§ 46. Mr. Cecil Wilson
asked the Chancellor of the Exchequer whether he is aware that, in spite of repeated assurances that have been given by the Government in respect of the early payment of cost-of-works compensation under the War Damage Act, many house owners are unable to have their repairs undertaken by builders owing to the apparent persistence of the impression that such compensation will only be paid after the war; and will he consider what further steps can be taken towards informing everyone concerned of the correct position with a view to encouraging the prompt carrying out of necessary repairs?
§ Sir K. Wood
I am not aware that the position is as stated. The War Damage Commission inform me that they are in touch with organisations representing building trade employers and building societies and are satisfied that the conditions of payment generally are well understood, particularly now that cost-of-works payments are being made in considerable numbers. The Commission make available an explanatory pamphlet to everyone who has suffered war damage, and this pamphlet states that cost-of-works payments will be made after the completion of the work as soon as the Commission has satisfied itself that the cost of the work is reasonable. The Commission will be glad to send a copy to anyone desiring an authoritative statement on the position.
§ Mr. Bellenger
Is it necessary to get the permission of the War Damage Commission before such works are undertaken, or can the applicant get the work done and then send in a bill?
§ Major Milner
As there is a good deal of dissatisfaction about delay in making payments in these cases, could not payments be expedited?
§ Sir K. Wood
I will communicate the hon. and gallant Member's Question to 835 the Chairman. A very large number of payments have been made.

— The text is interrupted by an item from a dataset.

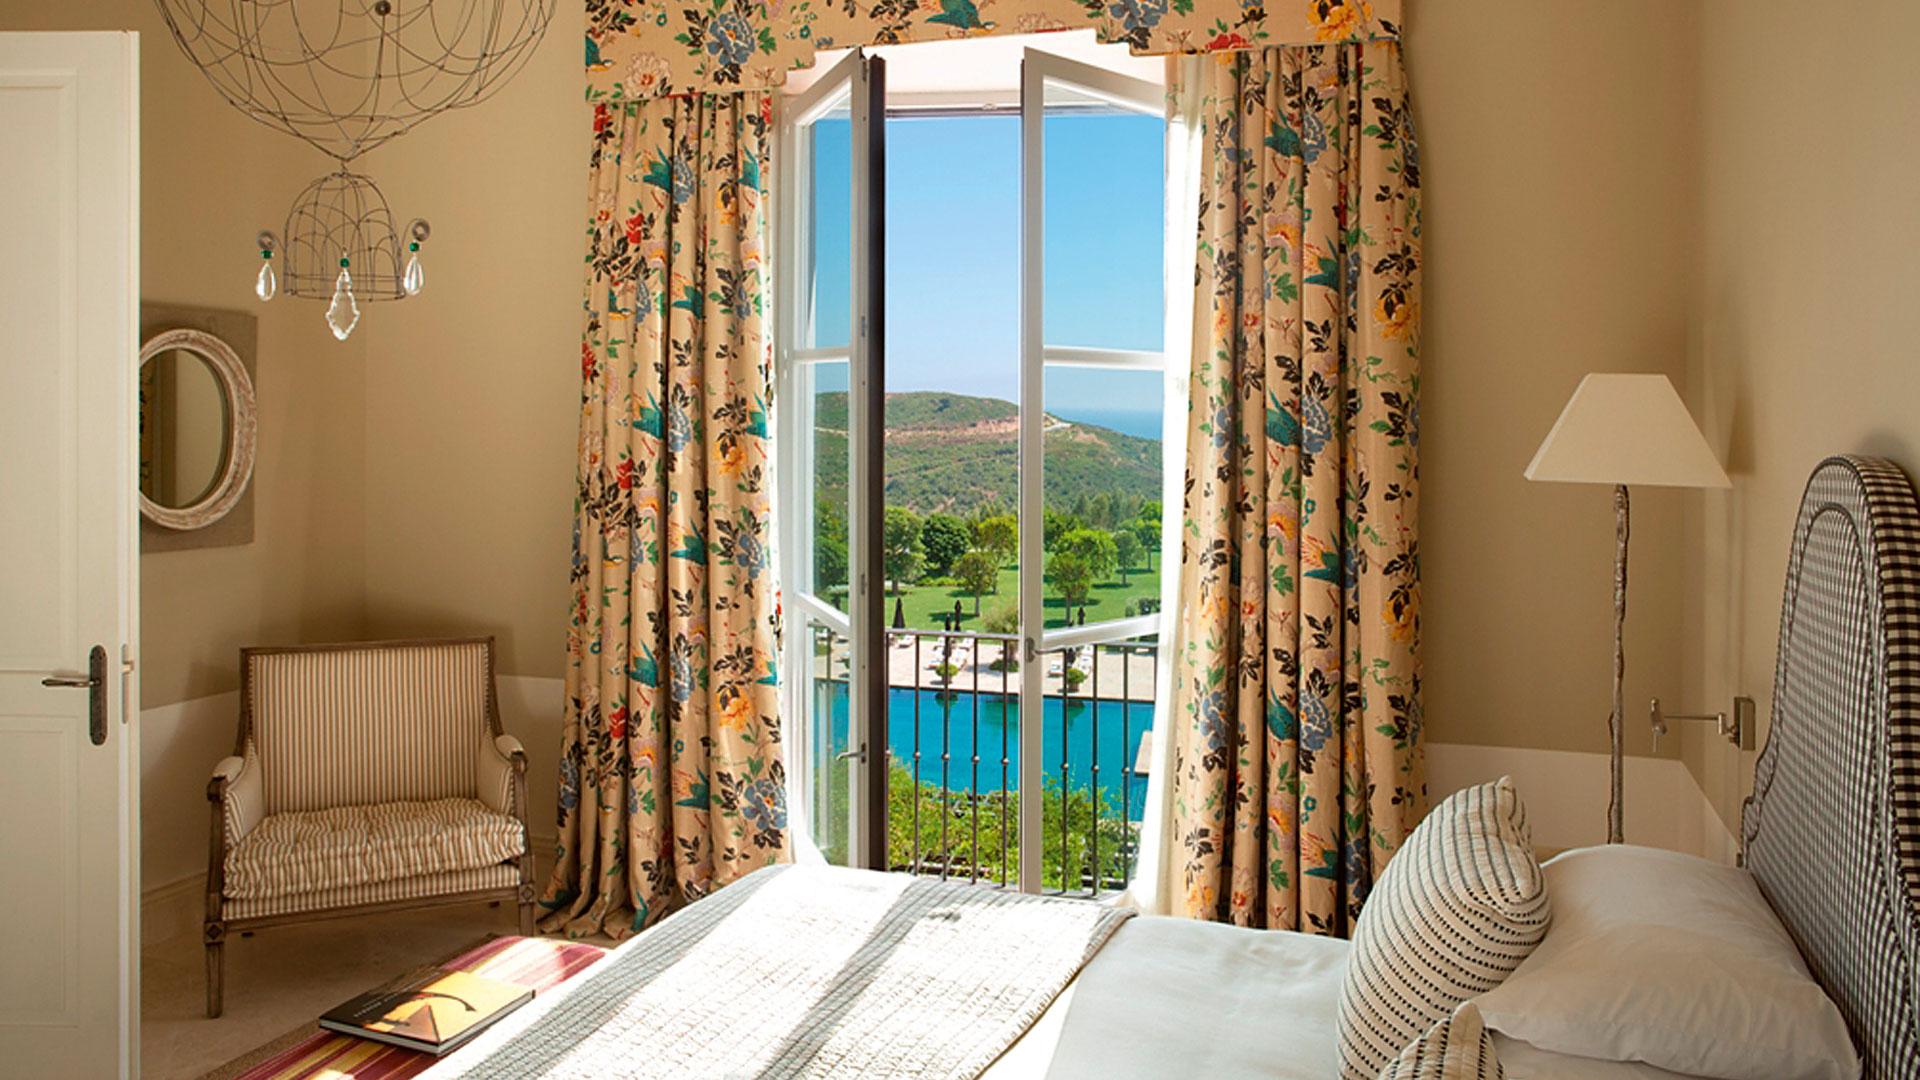 Hideaways hotels · finca cortesin hotel golf & spa casares

§ Brigadier-General Clifton Brown
Is my right hon. Friend aware that many of these claims have been in for over a year and have not been paid? If he wants to get a good name for the Government paying their debts, will he look into this matter?
§ 48. Mr. Tinker
asked the Chancellor of the Exchequer whether he is aware that hardship is caused to many old age pensioners, who own the house they live in, being called upon to pay the war damage to property contribution; and will he consider whether some alleviation can be made to this class of case?
§ Sir K. Wood
I would refer my hon. Friend to the replies given to similar Questions asked by my hon. Friend the Member for Abertillery (Mr. Daggar) on 5th August, and by my hon. Friend the Member for West Leyton (Mr. Sorensen) on 7th August.